Selection-only methods

The contest investigated whether certain modeling methods should be used only to select covariates. Once the covariates were selected, the regression model using those covariates was estimated using ordinary least squares for the continuous methods, or ordinary logistic regression for the binary methods. Selection-only methods are indicated by an (s).

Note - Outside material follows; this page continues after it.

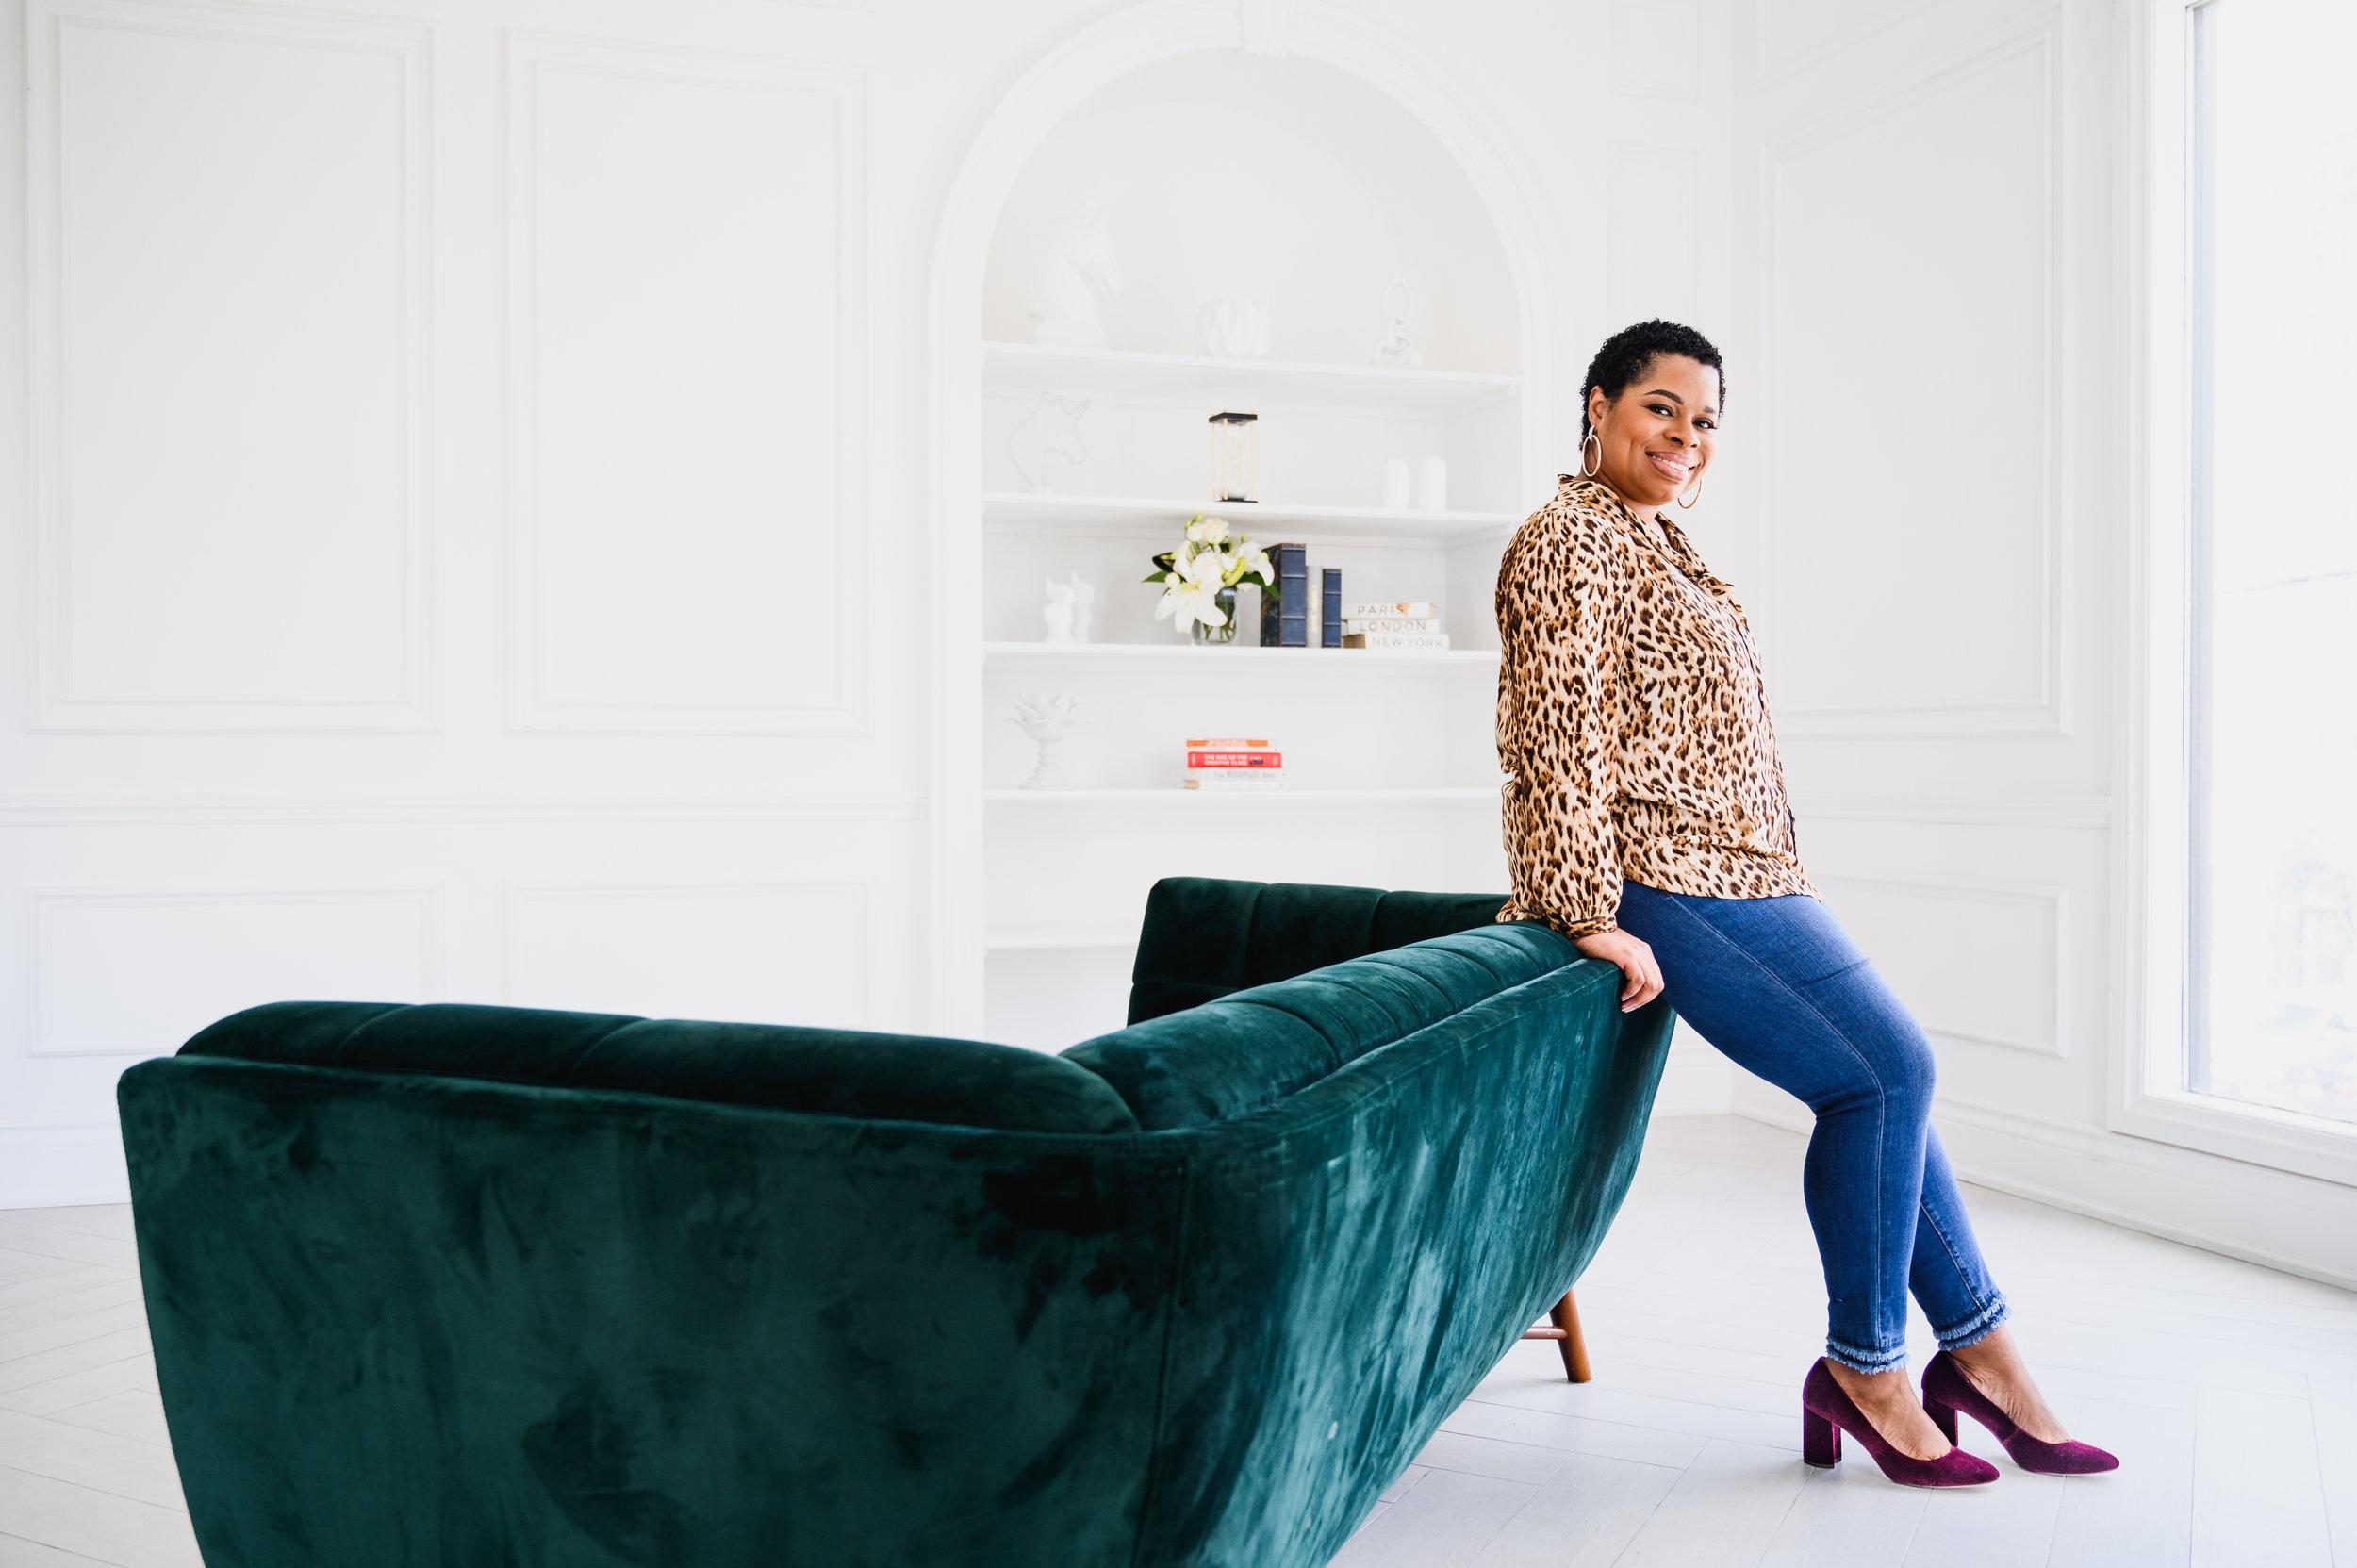 Andrea Henry Business LAW - PRINT - 2019 - Branding Photography - Mike Black PhotoWorks dot com-5.jpg

COMMENT: I agree with Mike's comments on a table of the methods used.

GBM

A gradient boosting machine (GBM) model is a so-called random forest model - a collection of many regression trees, each fitted to a randomly drawn subsample of the training data [@Friedman-2001]. Prediction is done by averaging the outputs of the trees. Two GBM-based techniques are explored - we refer to them as GBM-OOB and GBM-CV. The difference is in how the optimal number of trees is determined - GBM-CV selects the number of trees in a model using leave-one-out cross validation (CV), while GBM-OOB uses the so-called out-of-bag error estimate, where the predictive error of each tree is estimated by its predictive error over the observations that were left out when fitting the tree. In contrast, the predictive error of CV is estimated from observations that are left out from the training data altogether, and are therefore not used in the fitting of any trees. The CV method is much slower (it has to construct as many random forests as there are observations, while the OOB method only requires computing a single random forest). However, GBM-CV should more accurately estimate the prediction error.

Adaptive Lasso

The least absolute shrinkage and selection operator (Lasso) is a penalized regression method that simultaneously selects relevant covariates and estimates their coefficients [@Tibshirani-1996]. The adaptive lasso is a refinement of the Lasso that possesses the so-called "oracle" properties of asymptotically selecting exactly the correct covariates and estimating them as accurately as would be possible if their identities were known in advance [@Zou-2006]. To use the AL for prediction requires selecting a tuning parameter. For the contest, the AL tuning parameter $\lambda$ is selected to minimize the corrected Akaike Information Criterion (AICc) [@Akaike-1973; @Hurvich-Simonoff-Tsai-1998].

Genetic algorithm

The genetic algorithm is a variable-selection method that works by analogy to natural selection, where so-called chromosomes represent regression models [@Fogel-1998]. A covariate is included in the model if the corresponding element of the chromosome is one, but not otherwise. Chromosomes are produced in successive generations, where the first generation is produced randomly and subsequent generations are produced by combining chromosomes from the current generation, with additional random drift. The chance that a chromosome in the current generation will produce offspring in the next generation is an increasing function of its fitness. The fitness of each chromosome is calculated by the AICc.

PLS

Partial least squares (PLS) regression is a tool for building regression models with many covariates [@Wold-Sjostrum-Eriksson-2001]. PLS works by decomposing the covariates into mutually orthogonal components, with the components then used as the covariates in a regression model. This is similar to principal components regression (PCR), but the way PLS components are chosen ensures that they are aligned with the model output, whereas PCR is sometimes criticised for decomposing the covariates into components that are unrelated to the model's output. To use PLS, one must decide how many components to use in the model. This study follows the method described in [@Brooks-Fienen-Corsi-2013], using the PRESS statistic to select the number of components.

SPLS

Sparse PLS (SPLS) combines the orthogonal decompositions of PLS with the sparsity of lasso-type variable selection [@Chun-Keles-2007]. To do so, SPLS uses two tuning parameters: one that controls the number of orthogonal components and one that controls the lasso-type penalty. The optimal parameters are those that minimize the mean squared prediction error (MSEP) over a two-dimensional grid search. The MSEP is estimated by 10-fold cross-validation.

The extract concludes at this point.